Preferably, the stabilizer column 400 is a reboiled stabilizer column, whereby a heat source 490 is arranged to add heat to the bottom end 460 of the stabilizer column 400 below the first vapour/liquid contacting device 470. The heat source 490, commonly referred to as reboiler, is connected to a liquid draw off device 495 (such as a chimney plate) configured in the stabilizer column 400 and discharges heated liquid back into the bottom end 460 of the stabilizer column 400. Heat may be provided by indirect heat exchange against for instance hot oil.
A condensate cooler 455 may be configured in the liquid discharge line 250, to cool the liquid phase being discharged from the bottom end 460 of the stabilizer column 400 and thus create a cooled stream comprising the stabilized hydrocarbon condensate. A condensate splitter 454 may optionally be arrange in the liquid discharge line 250 downstream of the condensate cooler 455. This condensate splitter 454 serves to split the cooled stream comprising the stabilized hydrocarbon condensate into a recycle stream and a discharge stream. The condensate splitter 454 is fluidly connected to a condensate storage tank 265, optionally via a condensate flow valve 255, to convey the discharge stream to the condensate storage tank 265. The condensate splitter 454 is also connected to a condensate recycle line 451 to route the recycle stream back to the stabilizer column 400 at a level above the first vapour/liquid contacting device 470 and below the first inlet device 410. The third inlet device 430 can be used for this purpose. Suitably, the condensate recycle line 451 connects to the stabilizer column 400 via the liquid hydrocarbon feed line 251. Alternatively, the condensate recycle line 451 directly connects to the the third inlet device 430. A pump 457 is suitably configured in the condensate recycle line 451. Optionally, a recycle flow control valve 458 is configured in the condensate recycle line 451 as well, to control the recycle flow rate. Suitably, the recycle flow control valve 451 is configured at the high-pressure discharge side of the pump 457 to avoid cavitation.
In operation, the system of FIG. 1 works as described below. A pressurized natural gas feed stream 10 is provided. The pressurized natural gas feed stream 10 typically comprises C1 to C4, C5+ components and optional volatile inert components. Preferably, at least 80 mol % consists of methane and any volatile inert components. Preferably, at least 90 mol % consists of methane and any volatile inert components. Not all of the volatile inert components need to be present in the pressurized natural gas feed stream 10. The amount of volatile inert components in the pressurized natural gas feed stream 10 is preferably less than 30 mol %, more preferably less than 10 mol %, most preferably less than 5 mol %.

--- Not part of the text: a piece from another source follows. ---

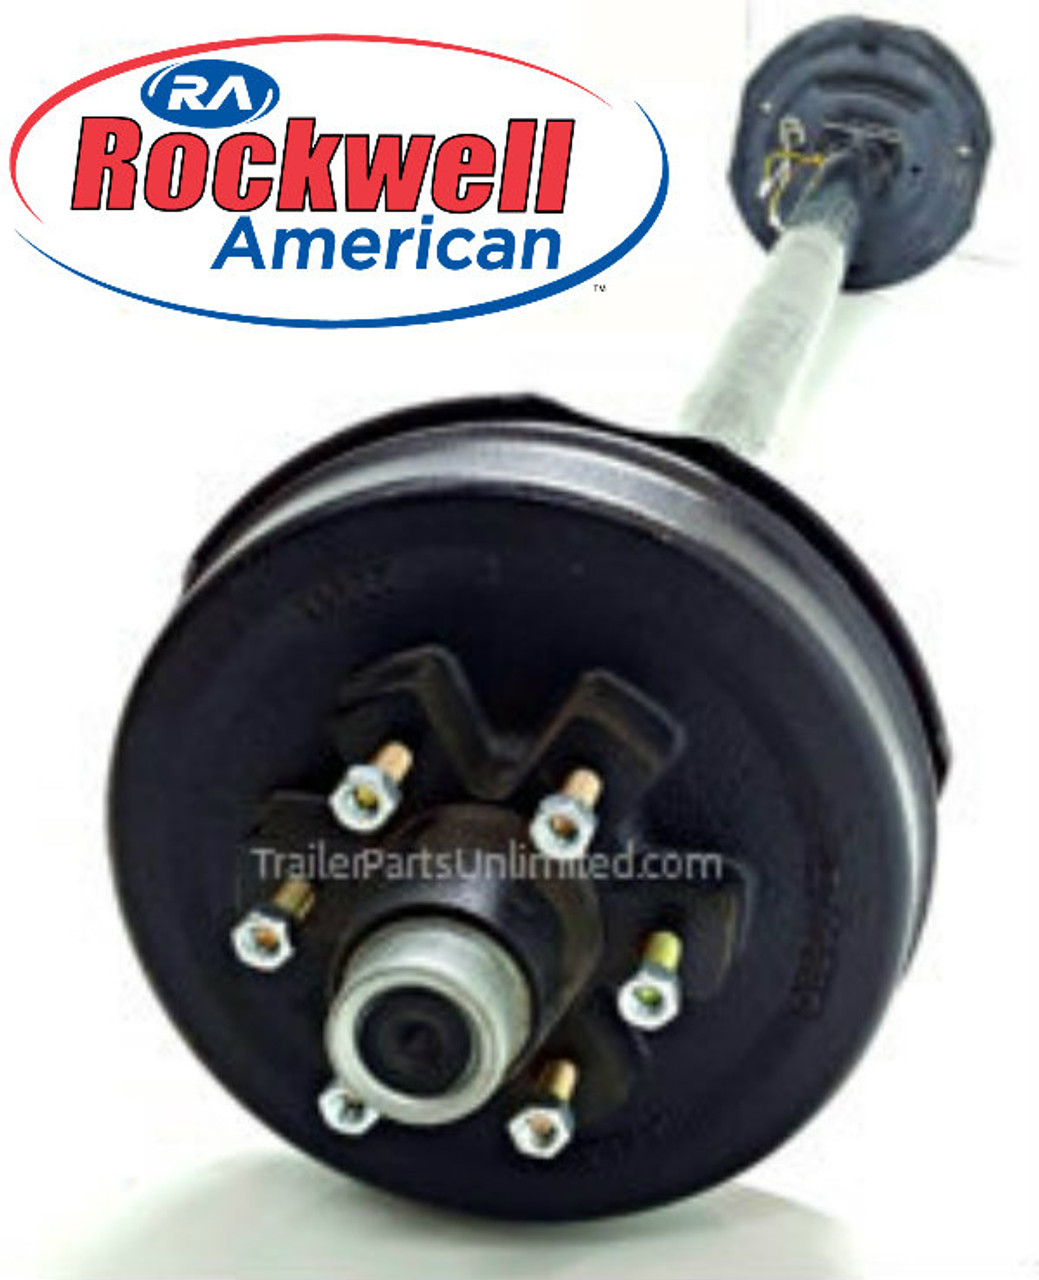 5.2k Rockwell Electric Brake Cambered Axle 6 Lug EZ Grease

The pressurized natural gas feed stream 10 is refrigerated, for instance in the one or more pre-cooling heat exchangers 110 as in the example of FIG. 1, or expanded as in the example of FIG. 2, whereby creating a partially condensed natural gas stream 20 and whereby condensing at least the C5+ components from the pressurized natural gas feed stream 10. The partially condensed natural gas stream 20 is passed through the liquids extraction device 120, where the pressurized unstabilized hydrocarbon condensate stream 210 is extracted from the partially condensed natural gas stream 20.
The pressurized unstabilized hydrocarbon condensate stream 210 comprises at least the condensed C5+ components, and one or more of C1 to C4 components. The amount of methane and any volatile inert components in the pressurized unstabilized hydrocarbon condensate stream 210 may be in the range of from 50 mol % to 80 mol %, preferably in the range of from 60 mol % to 80 mol % of the pressurized unstabilized hydrocarbon condensate stream 210. Not all of the volatile inert components need to be present. The amount of volatile inert components in the pressurized unstabilized hydrocarbon condensate stream less than 10 mol %, preferably less than 2 mol %, of the pressurized unstabilized hydrocarbon condensate stream. Practically all of the methane and any volatile inert components will leave the stabilizer column 400 via the vapour discharge line 270, causing a relatively low dew point of the vapour phase in the vapour discharge line 270.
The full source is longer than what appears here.